German-born English architect (1898–1989)

Gertrude Leverkus (26 September 1898 – 8 November 1989) was a German-British architect.

==Early life and education==
Gertrude Wilhelmine Margaret Leverkus was born on 26 September 1898 in Oldenburg, Germany. She was the second of three daughters of Ida Christine Rosalia, née Schmidt and Otto Leverkus, an export merchant. Shortly after her birth, her family migrated to Manchester, England, and moved to Forest Hill, London, in 1910.

She attended Sydenham High School and subsequently University College London (UCL). She completed her Bachelor of Arts in architecture from 1916 to 1919 at UCL, and was the only woman among 500 men to take the final exams.

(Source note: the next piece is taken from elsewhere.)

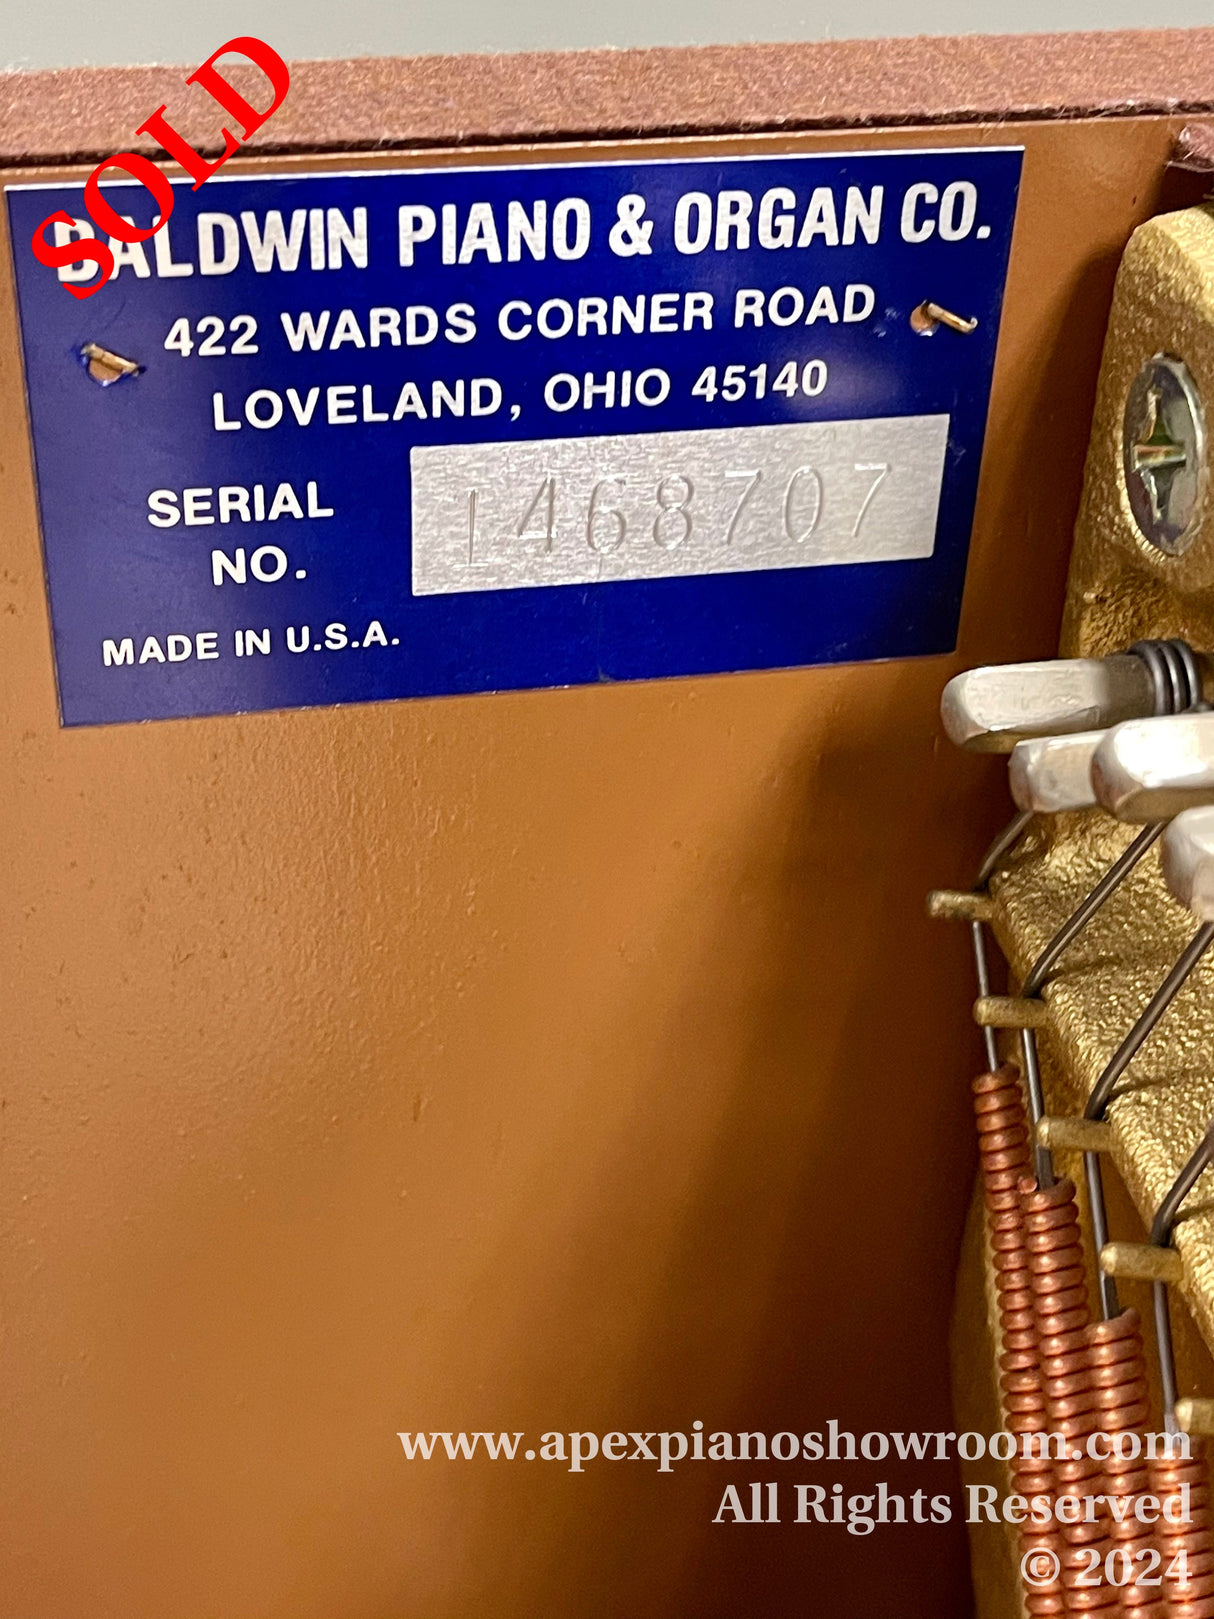 Manufacturer's information plate on a Baldwin piano indicating it is made by the Baldwin Piano & Organ Co., located in Loveland, Ohio, with the serial number 1468707, made in the U.S.A.

She was articled to Horace Field from 1919 and his assistant from 1922. In that year, with Arthur Stratton and Professor A. E. Richardson, Field proposed her for associate member of the Royal Institute of British Architects (RIBA), making her one of the first three women to do so. She completed a certificate in town planning at UCL in 1925.

==Career==
In 1923, Leverkus was hired by the Women's Pioneer Housing Limited to convert its properties into flats for women. One of these projects was the conversion of 31 Gledhow Gardens, also known as the Gunter Estate, in Earls Court into flats to house women workers. In 1924 she was officially appointed as WPHL's architect.

In 1930 she moved into a flat she converted from the former ballroom of one Women's Pioneer property, 65 Harrington Gardens in Earl's Court, and remained a tenant of the association until her retirement.

She designed an extension of the Annie McCall Maternity Hospital in Clapham in 1938 to create an outpatients department; the hospital is now a grade II listed building.

In 1928, Leverkus spoke alongside Laura Annie Willson, Ethel Wood, Caroline Haslett and Gladys Burlton at a careers event organised by the Union of Women Voters.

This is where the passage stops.